15      On 26 November 2007, Gem-Year Industrial Co. Ltd provided the Commission with the information required by the notice of initiation, in order to form part of the sample of exporting producers which the Commission proposed to establish. It also requested market economy treatment (‘MET’) or individual treatment.

16      Gem-Year Industrial Co. Ltd was not however selected for the sample of exporting producers established by the Commission.

17      On 4 August 2008, the Commission sent the appellants an information document on the non-imposition of provisional anti-dumping measures. The appellants did not submit comments in reply to that document.

18      On 3 November 2008, the Commission sent the appellants the disclosure document setting out the essential facts and considerations on the basis of which it intended to propose to the Council of the European Union that a definitive anti-dumping duty be imposed on imports of certain iron or steel fasteners originating in China.

19      On 26 January 2009, the Council adopted the contested regulation, Article 1(1) and (2) of which imposed a definitive anti-dumping duty of 77.5% on the imports of the product concerned in respect of those companies, including the appellants, which had cooperated but had not been included in the sample.

20      By the contested regulation, the institutions denied MET to those exporting producers claiming it. In that respect, recitals 63, 66 and 67 in the preamble to that regulation state:

‘(63) MET [was denied] … on the grounds that the costs of the major input, steel wire rod, did not substantially reflect market values, as required by Article 2(7)(c) of the basic [r]egulation. It was found that the prices of steel wire rod, or in some cases, drawn steel wire, charged on the Chinese market were significantly lower than those charged on other markets, such as Europe, India, North America and Japan. …

...

(66) In reply to these arguments, it is noted that Article 2(7)(c) of the basic [r]egulation requires, inter alia, that the costs of major inputs substantially reflect market values. The main input of fasteners, steel wire rod, accounts for around 50% of the cost of manufacturing. Based on data obtained and verified during the investigation as well as from independent market sources, such as the “Steel Bulletin Board”, it is undisputable that prices of steel wire rod on the Chinese domestic market are significantly below prices on other markets. Given that the [People’s Republic of China] does not benefit from any natural comparative advantage with regard to iron ore, which it imports at international market prices, it is considered that there is no justification for the abnormally low prices of steel wire rod, which do not substantially reflect market values. This conclusion applies equally to the sector as a whole as well as individually to all of the investigated sampled companies. Therefore criterion 1 of Article 2(7)(c) is not considered to be met.

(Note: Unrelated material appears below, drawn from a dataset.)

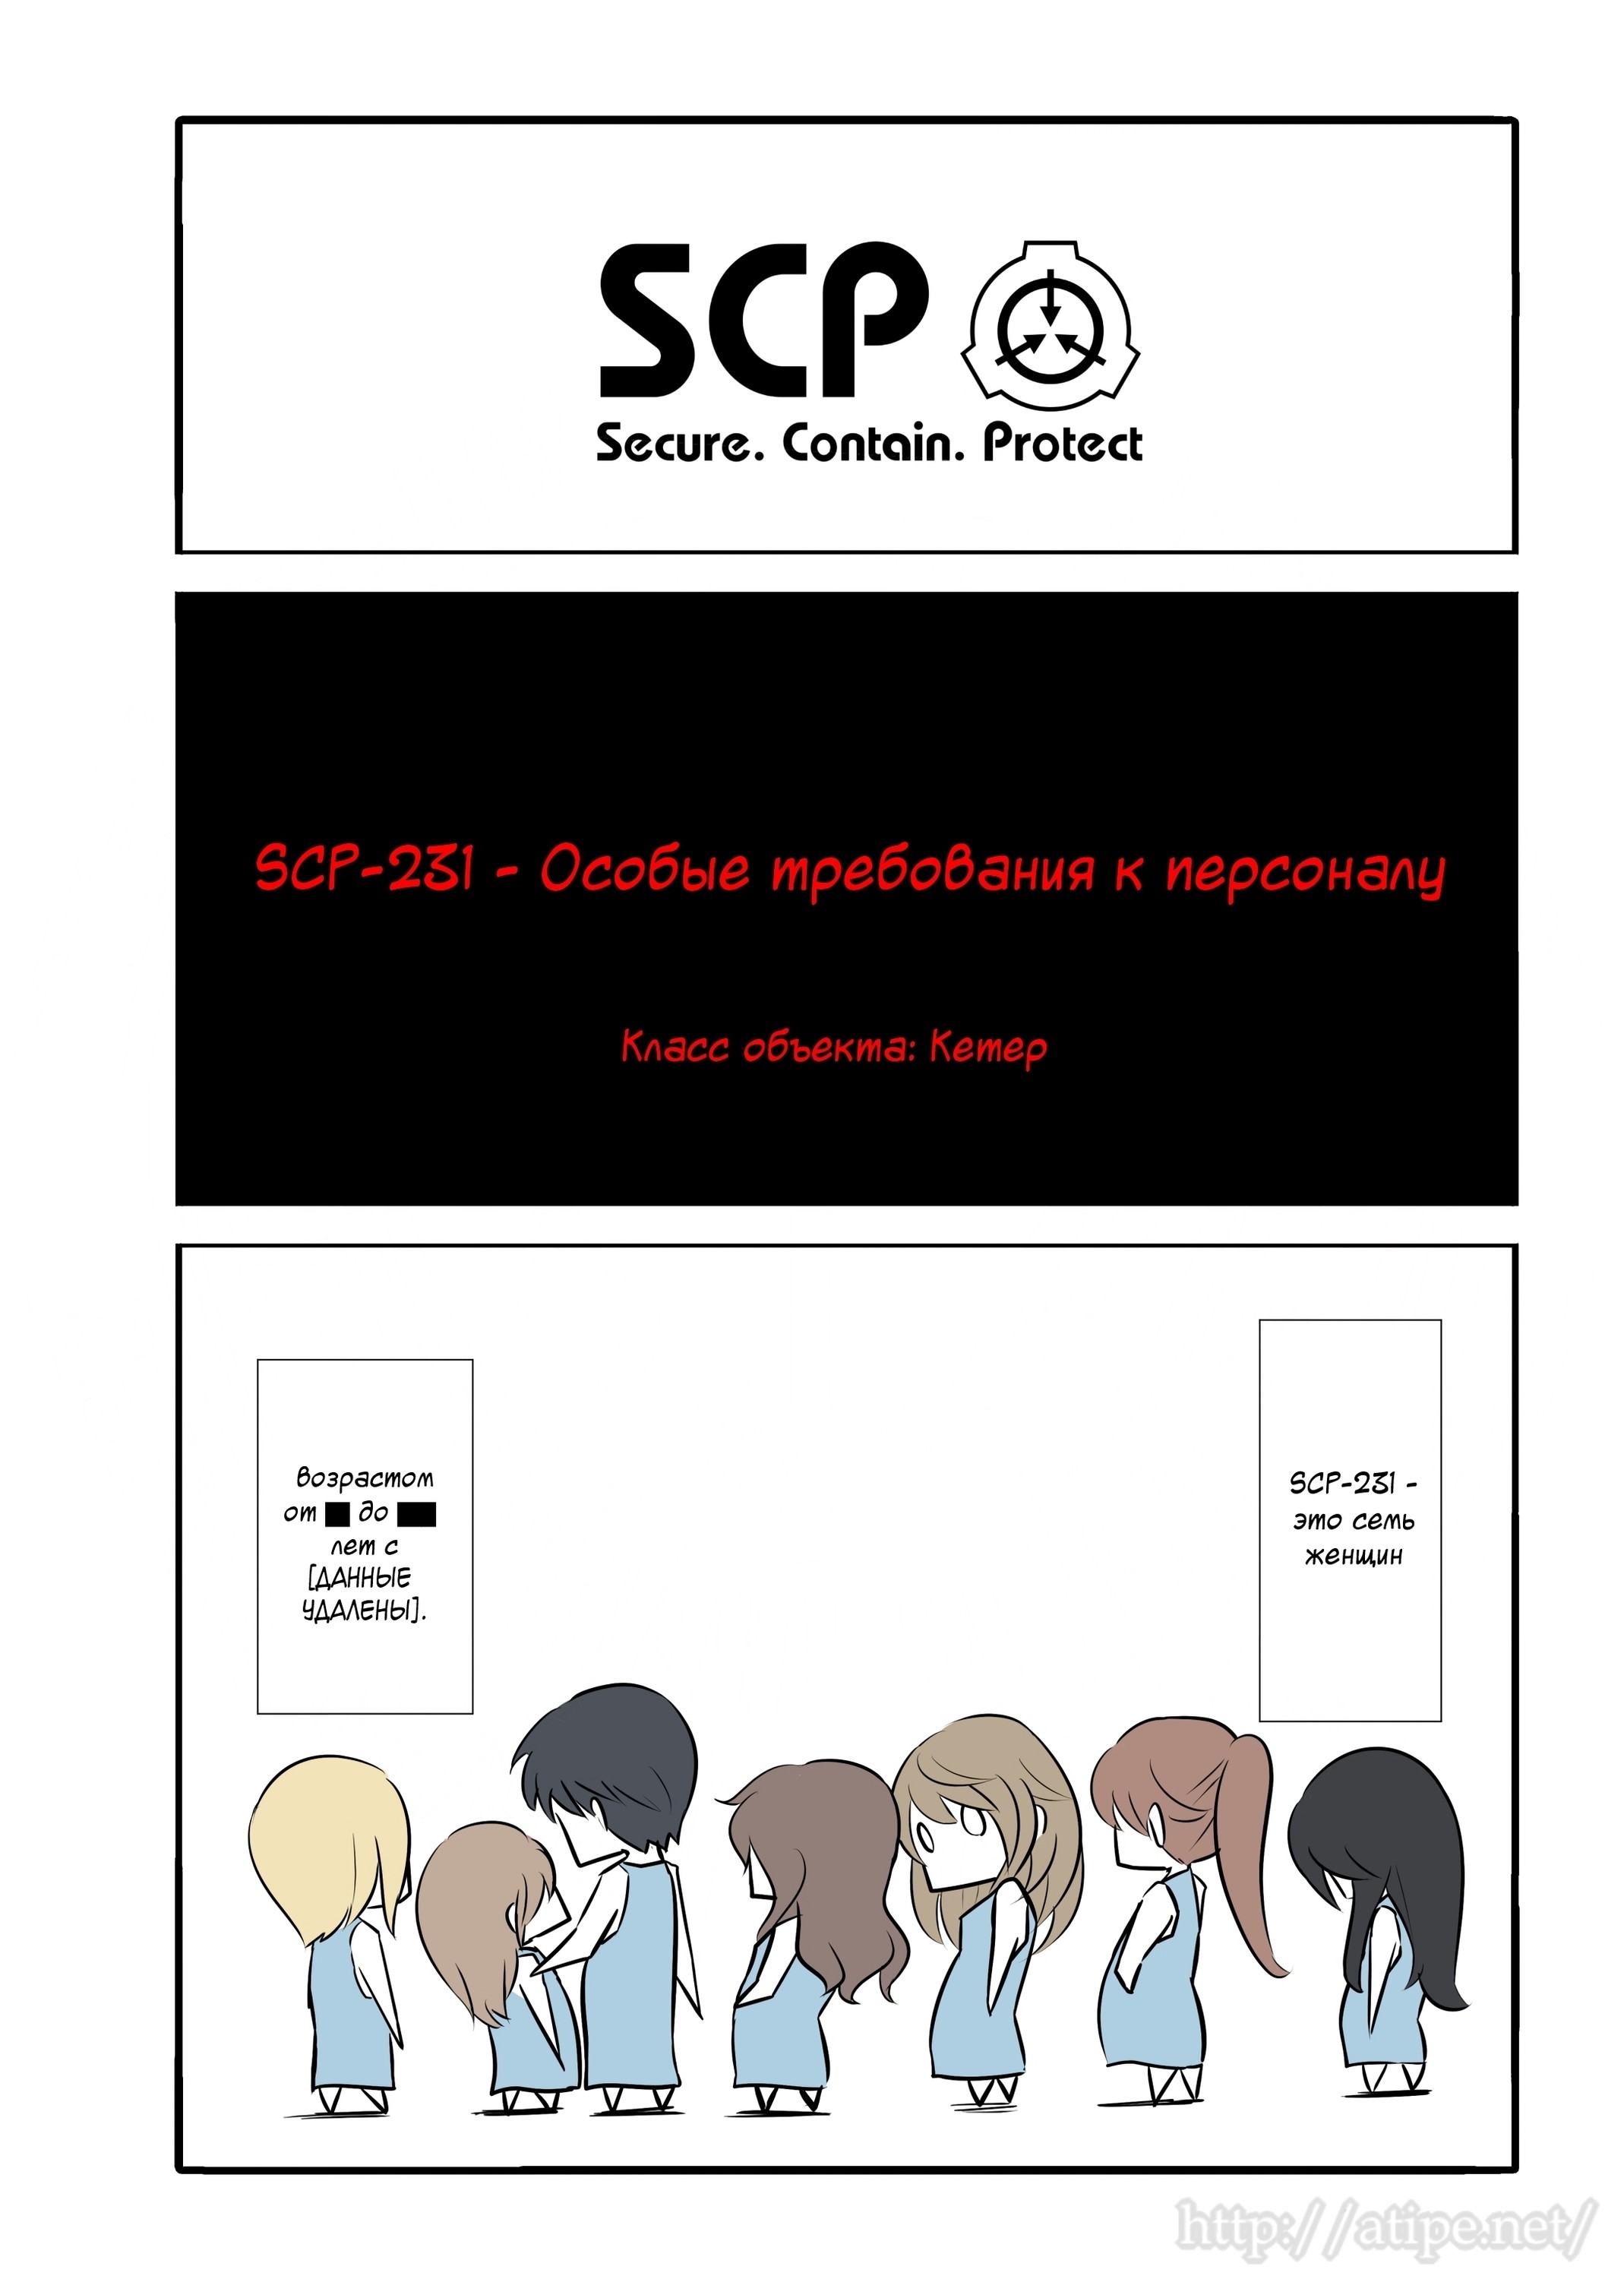 Упрощенный SCP 1 - 49 SCP-231

(67) As regards the interpretation of “market value”, “market value” has to be understood as a non-distorted market price. In this regard, as mentioned above, there are several sources and studies which point to State interference in the Chinese steel sector. Moreover, as mentioned above, some of the largest Chinese producers of steel wire rod received various types of subsidies in 2006 and 2007, as evidenced by their audited financial statements. It should also be borne in mind that it is up to the exporting producers to demonstrate that they operate under market economy conditions and that the costs of their major inputs substantially reflect market values. This has not been demonstrated in this case.’

 Procedure before the General Court and the judgment under appeal

21      In order to challenge the legality of the contested regulation, the applicants at first instance put forward seven pleas in law before the General Court.

22      In particular, in their third plea, the applicants at first instance claimed that there had been a manifest error of assessment in the determination of the injury allegedly suffered by the Union industry. By their seventh plea, the applicants at first instance claimed an infringement of the anti-subsidy regulation.

23      By the judgment under appeal, the General Court rejected all the pleas in law raised by the applicants at first instance, and therefore dismissed their action and ordered them to pay the costs.

 Forms of order sought on appeal

24      The appellants claim that the Court should:

–        set aside the judgment under appeal and uphold, by giving final judgment itself, the third and seventh pleas in law put forward before the General Court;

–        in the alternative, refer the case back to the General Court, and

–        order the Council and the interveners, in addition to bearing their own costs, to pay all costs incurred by the appellants in the course of the present appeal and the proceedings at first instance.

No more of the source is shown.